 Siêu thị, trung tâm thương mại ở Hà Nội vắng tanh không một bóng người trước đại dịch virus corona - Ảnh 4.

....

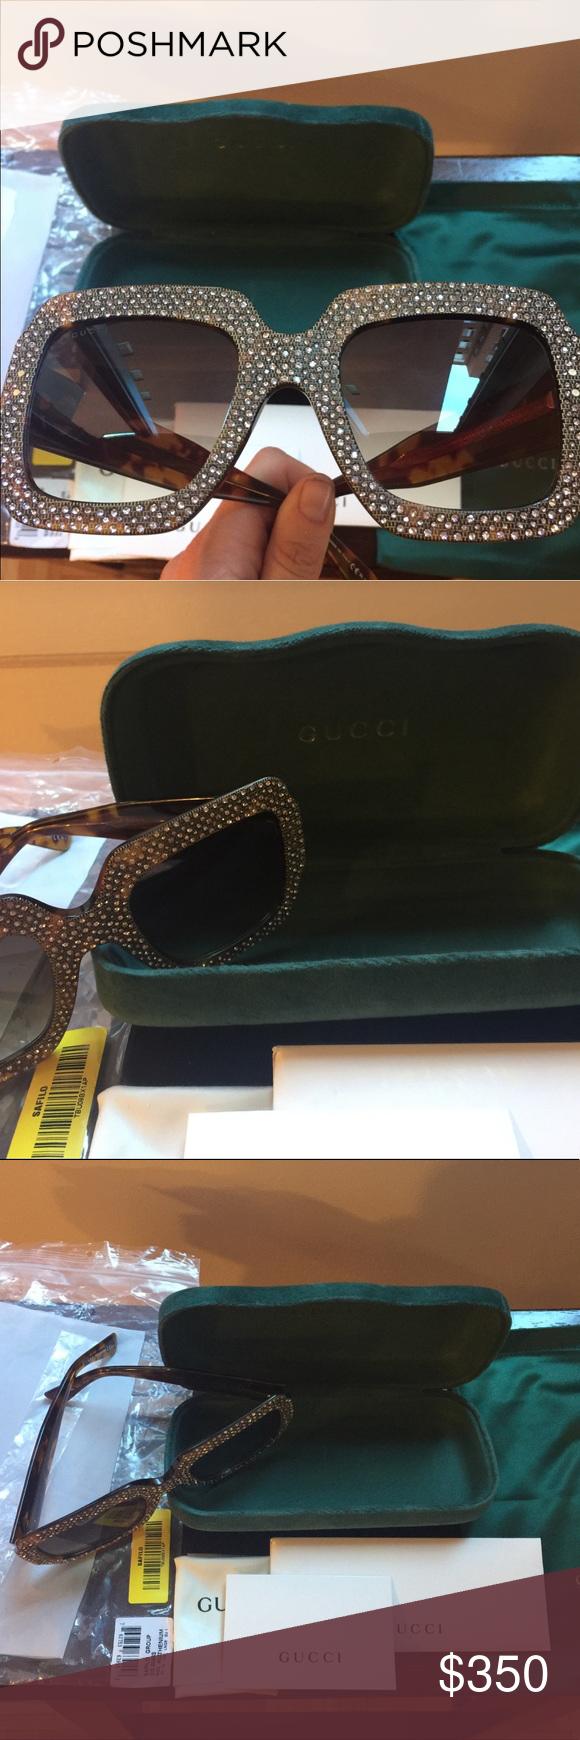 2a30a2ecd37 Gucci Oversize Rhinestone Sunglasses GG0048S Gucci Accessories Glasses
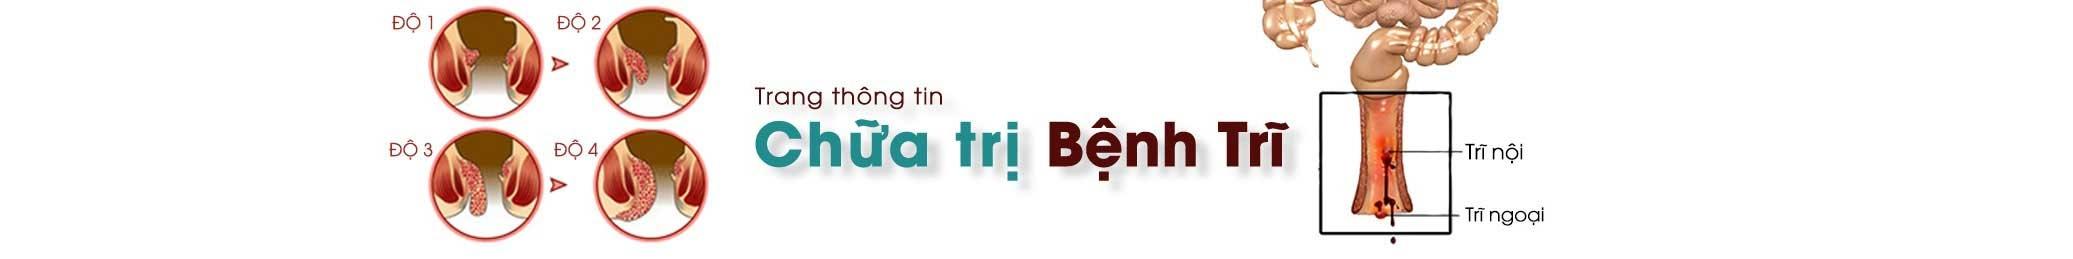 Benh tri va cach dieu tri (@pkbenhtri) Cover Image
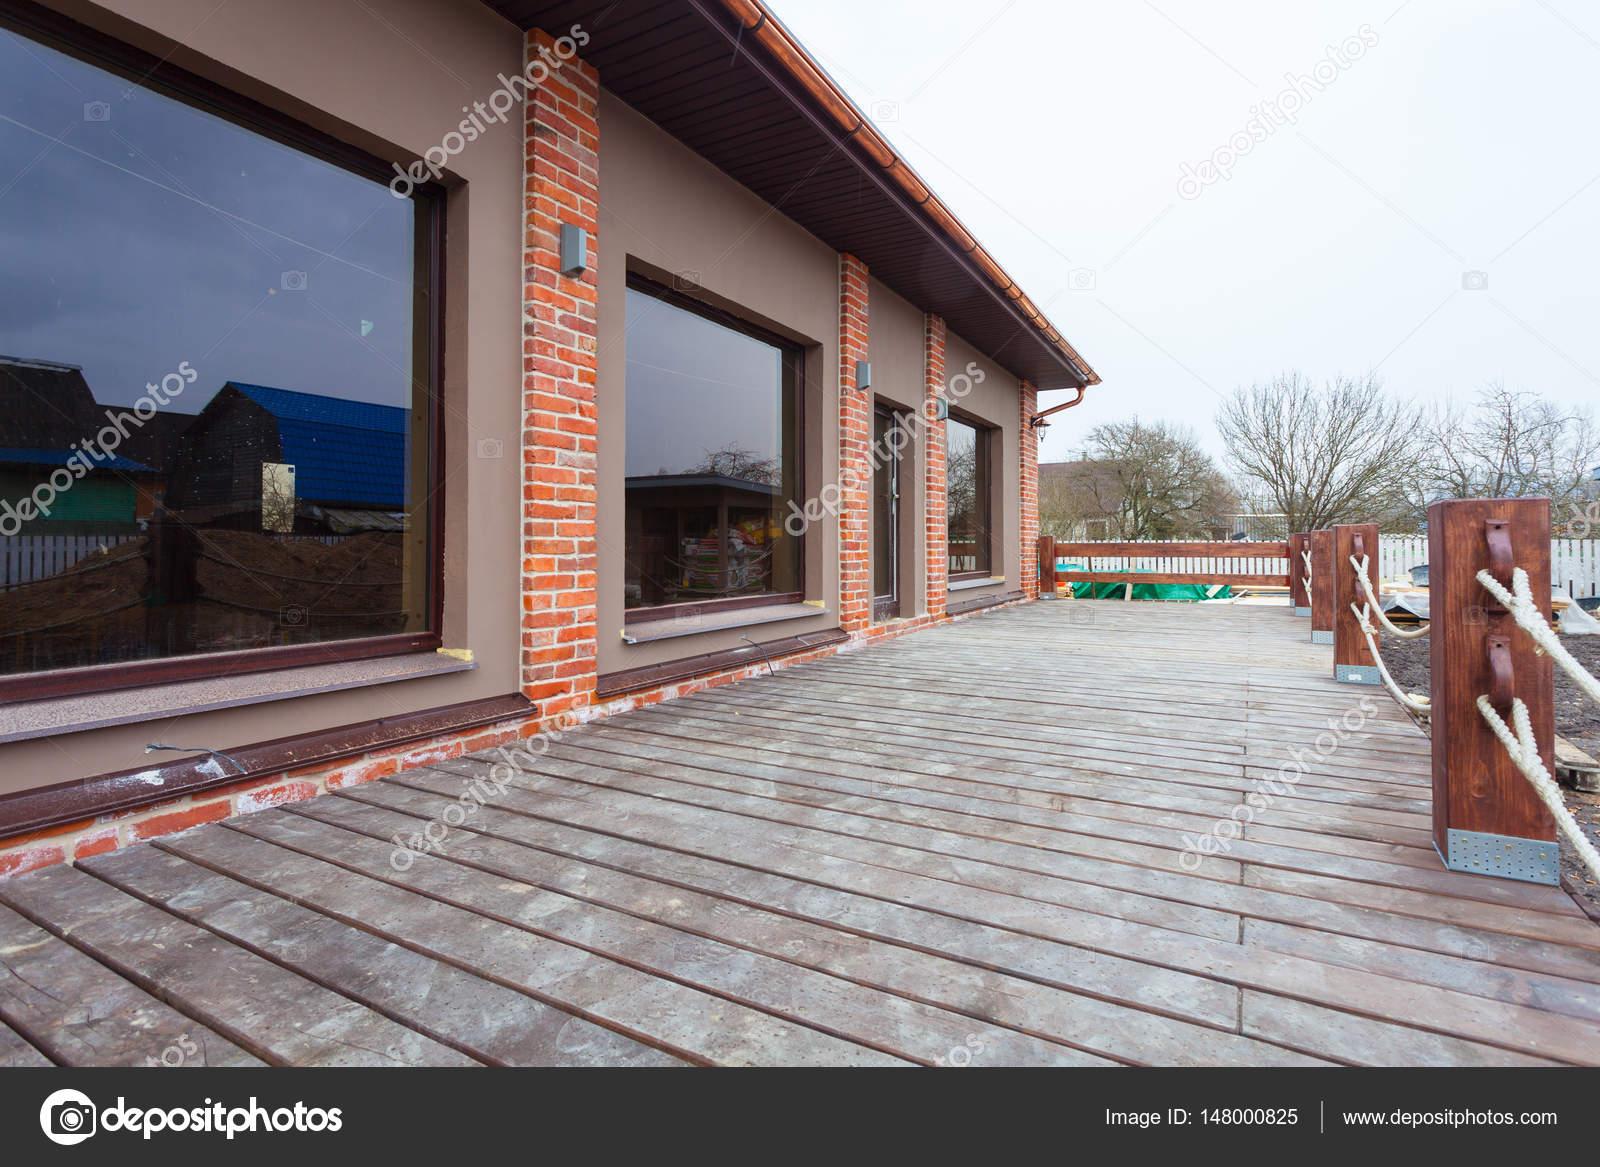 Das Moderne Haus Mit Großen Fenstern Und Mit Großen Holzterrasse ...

....

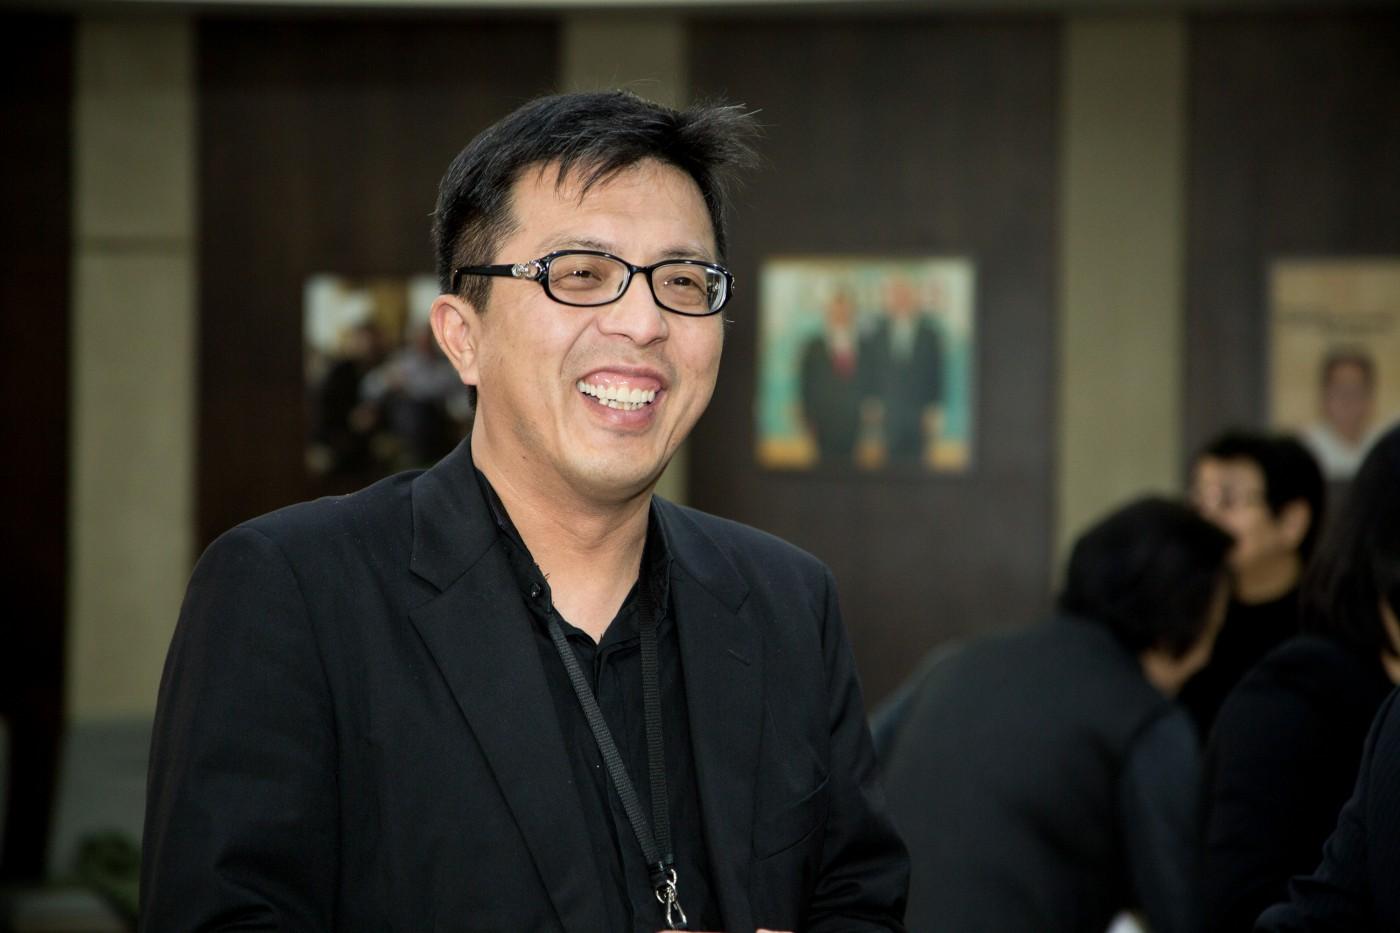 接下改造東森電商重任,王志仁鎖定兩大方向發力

....

**WORK INSTRUCTION:**
From the entries above, copy exactly the lines starting at the one with "Benh tri va" and stopping at the one with "Das Moderne Haus", keeping both ends. Drop the pictures.

**RESULT OF THIS TASK:**
 Benh tri va cach dieu tri (@pkbenhtri) Cover Image
 Das Moderne Haus Mit Großen Fenstern Und Mit Großen Holzterrasse ...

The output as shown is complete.